Speech to Text with Python or Word

I am thinking about writing a book on Python scripting.

I started to tinker with Text To Speech from PDF with python scripts and then looked at reversing the process from Speech to Text. There was a video on it so I found one and fossiked on my mobile for an Audi Recorder to create a file to use to convert.

Python Speech to Text script

I found the video below and this article How to Convert Speech to Text in Python and used the code from the article.

The audio file I’d recorded was in .MP3 format and it wouldn’t work with the script as the library would only do .WAV files , so I looked to:

  1. Use online process for converting MP3 to WAV
  2. Get a script that converted MP3 to WAV then did Speech to text on file.
  3. Use a different app that recorded in .WAV format

The first process worked well, and I was impressed with the results of the conversion,. only there was no punctuation, I hadn’t used words like comma or full stop in the audio file so it was a continuous stream of text, and it removed my “umms’ of which there were many.

The 2nd process not as successful as I needed some other files on my PC to make this conversion work. After downloading files and trying to run them, I wad unable to get the results from the script.

Process 3 was the easiest solution and I found an app in the Store that would do this. I did a recording and sent it to my PC and converted it and it did a good job, still no punctuation of course.

import speech_recognition as sr

path='Text2Speech2Text/Speach2Text/'
fileIn='Test.wav'
r = sr.Recognizer()
audio_file = sr.AudioFile(path+fileIn)
with audio_file as source:
    audio = r.record(source)
    text = r.recognize_google(audio)
    print(text)    

This script just printed it out to the terminal. I now had a process for doing the conversion.

the rain in Spain falls mainly in the plane and this is a recording to see it because I want to start recording audio so that I can actually write my python booking put my python ideas for the book down because a python book is going to be about beginner to intermediate practical tools for doing personal Bespoke apps that you want to use yourself

Result of running script on audiofile

I had planned to use this as a method of dictating part of the book as I was out and about. Then I came across another method of doing the same process.

Speech to Text Dictation or Transcribe in Word Online

This video showed me another method that I could use. I could use the audio file and get it to write the text, or I could dictate and get it to transcribe on the screen.

I tried the 2nd process and was quite impressed with the results and decided to use it to write some paragraphs for my book.

It did a very good job of removing the “umms” and as you can see the text being transcribed you can add punctuation like comma and full stop.

It was a little slow, and after a while, whilst editing it I just continued to type and found that I stopped using the voice transcribing and continued with the typing.

I think I’m used to speed and thought process with typing, so would find it diffucult to change to the transcribing process as it worked at a different rhythm than I work at.

I will need to think about using the dictation process when I’m out and about and then using word online to convert to text. I may try this method later.

advantages:

  1. it will transcribe into Word, which is the tool I’m using to write my book.
  2. I can quickly make voice notes on my phone, so capture thoughts while out and about

disadvantages

  1. After recording separate files I’ve to email them to my PC. Then download, then open Word Online and upload and transcribe
  2. After transcribing I need to edit then cut-copy/paste into document it pertains to.

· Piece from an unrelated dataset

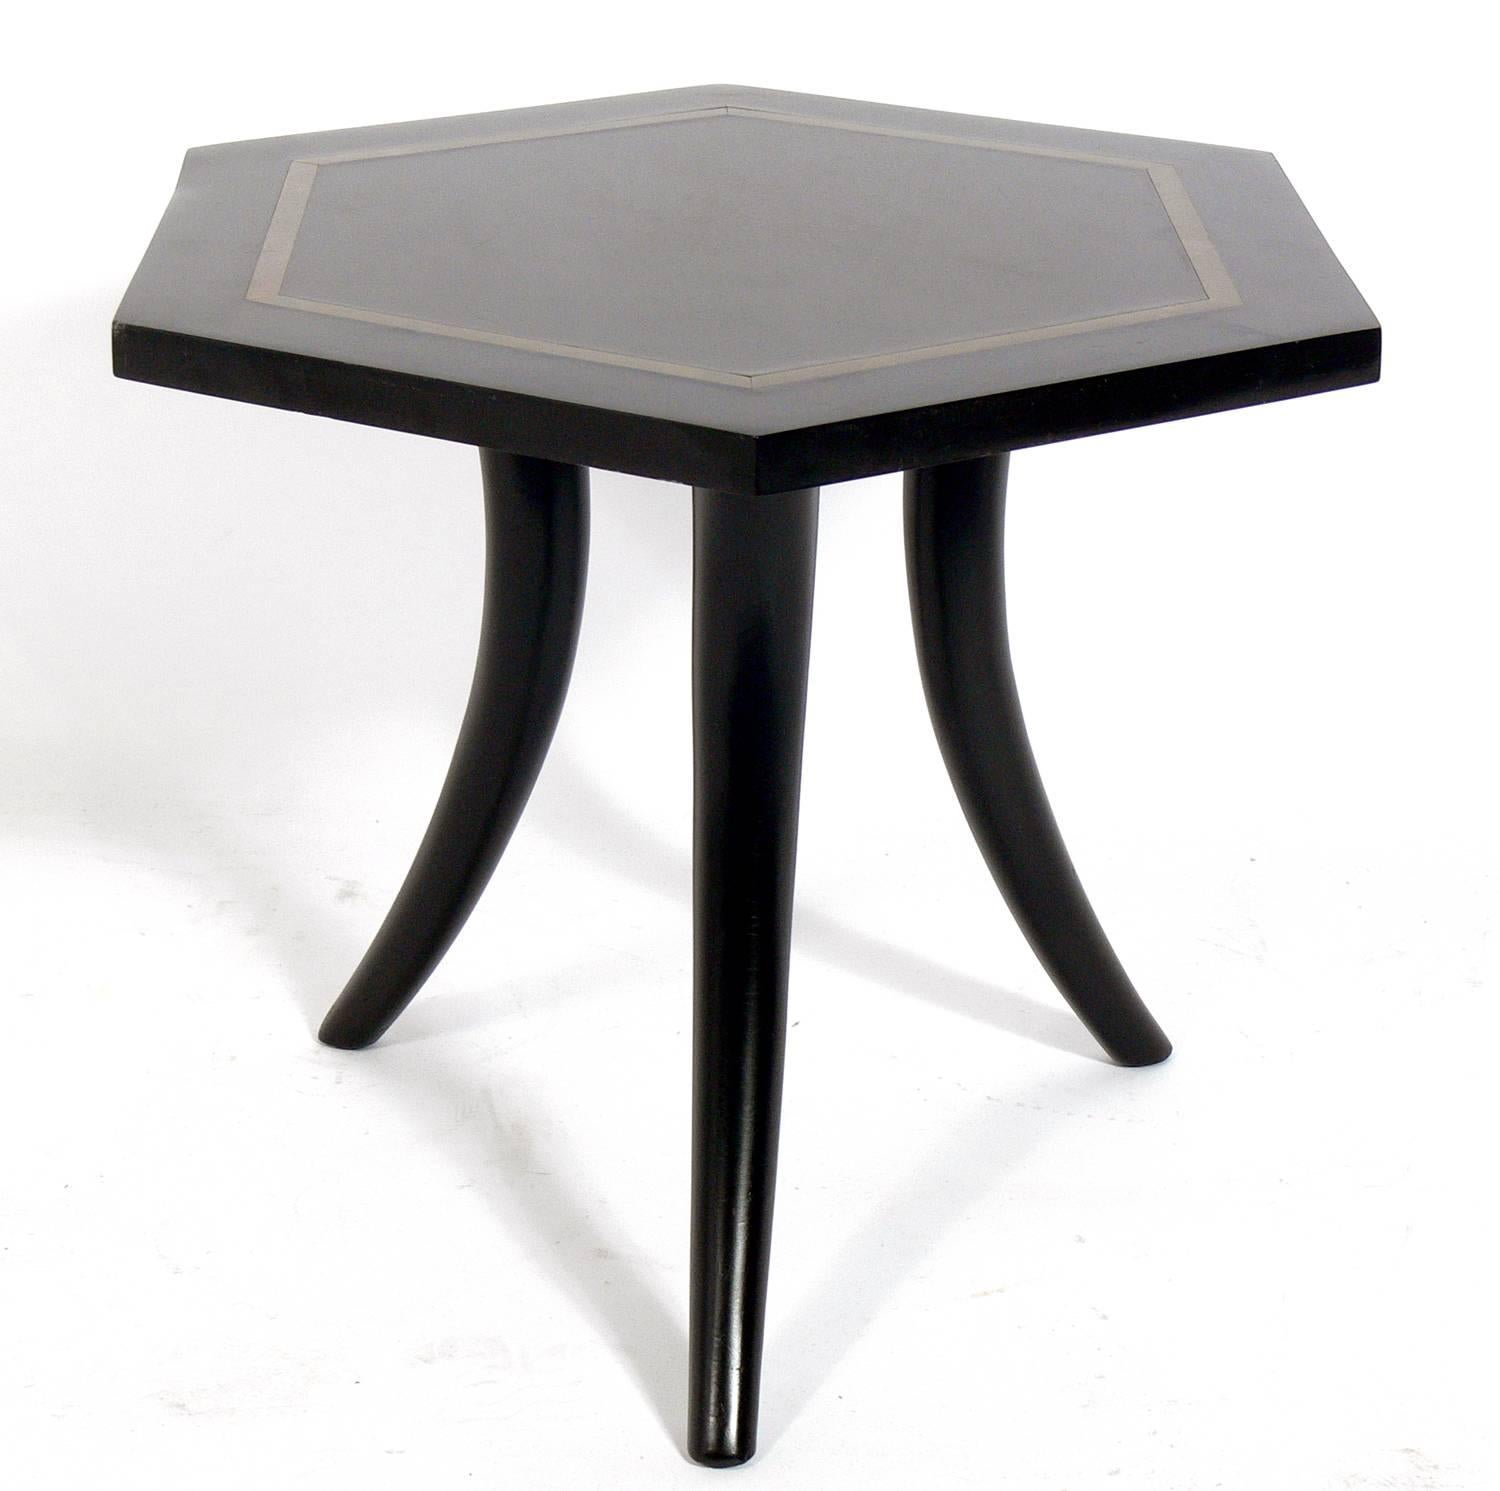 Brass Inlaid Tripod Table, American, circa 1950s. Very similar to designs by Harvey Probber or T.H. Robsjohn Gibbings. Curvaceous tusk legs have been refinished in black lacquer. The inlaid brass laminate top is low maintenance and perfect for a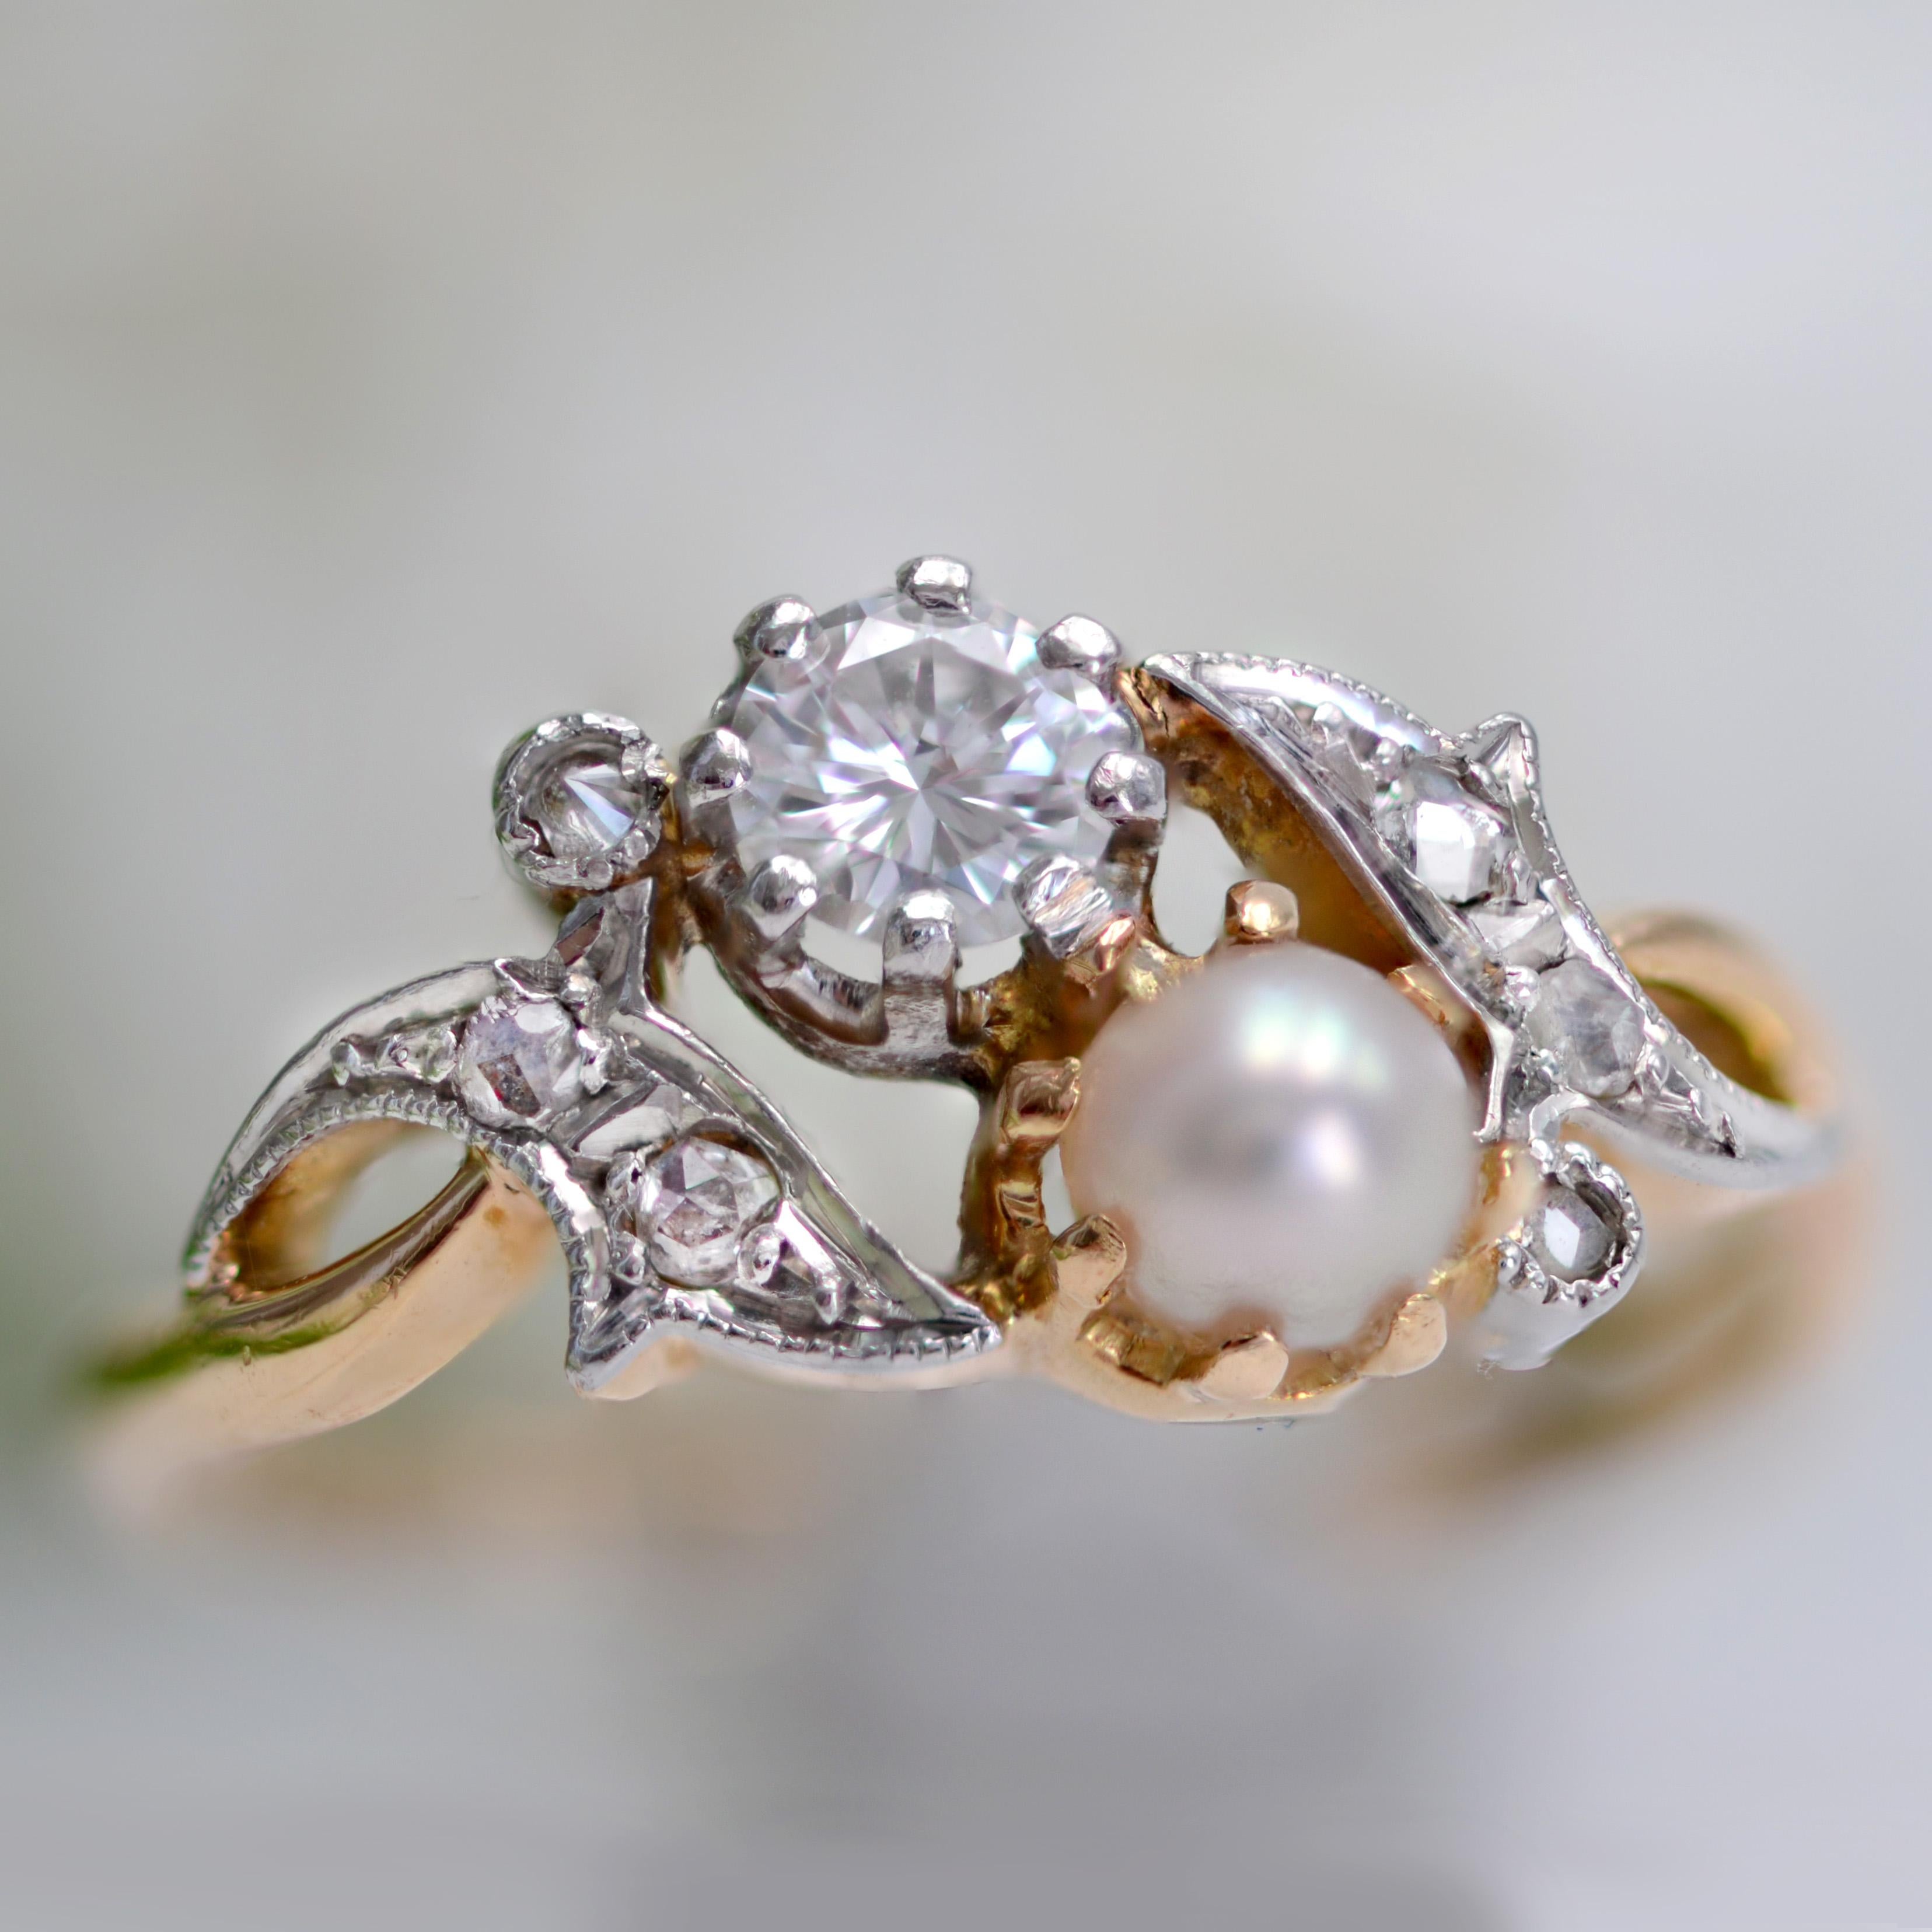 Brilliant Cut French 1920s Pearl Diamond 18 Karat Yellow Gold You and Me Ring

Writing idea down when out and about I still need to email and then cut-copy/paste into document it pertains to and also format it as well.

Comment & more – Live Transcribe for Android phone & Google Keep

Some interesting tools I was not aware of, and after playing with them I can see some uses for them.

As I’m dictating, unless I’m totally focused, I forget the next sentence and so lots of umming and erring trying to get the next point down. This is not such a great issue with typing, but a more tedious process on a mobile phone small keyboard.

This made me wonder if there was a voice to text on android phone and it came up with Google Live Transcribe. The only issue is cut/paste is a bit of a nuisance but will definitely try it to capture ideas and paste to note. This may get around keyboard issues on mobile phone.

I found 10 best dictation apps for Android to transcribe audio to text and one of them was Google Keep. So I’ll try using that to transcribe notes as well.

I’ve Google Keep linked to PC as well as Mobile so that may be best process for ideas so that may be best process for capturing ideas.

AI transcribe with Colab & with Whisper on PC

This looks interesting. Using audiofiles and transcribes to file with punctuation.

You can put it on your PC as per:

This is definitely an interesting project to explore.

End comment

Halfway through article I thought about voice instead of keyboard for android and that threw up some oppertunities, then later I saw the video on AI Whisper with python for PC so that may be another way to go, especially as it uses LLM’s and that is an opportunity to play with that technology. So there will be more on this topic.

I did also wonder about different AI text to Text translation for my books for different languages. That may be worth exploring.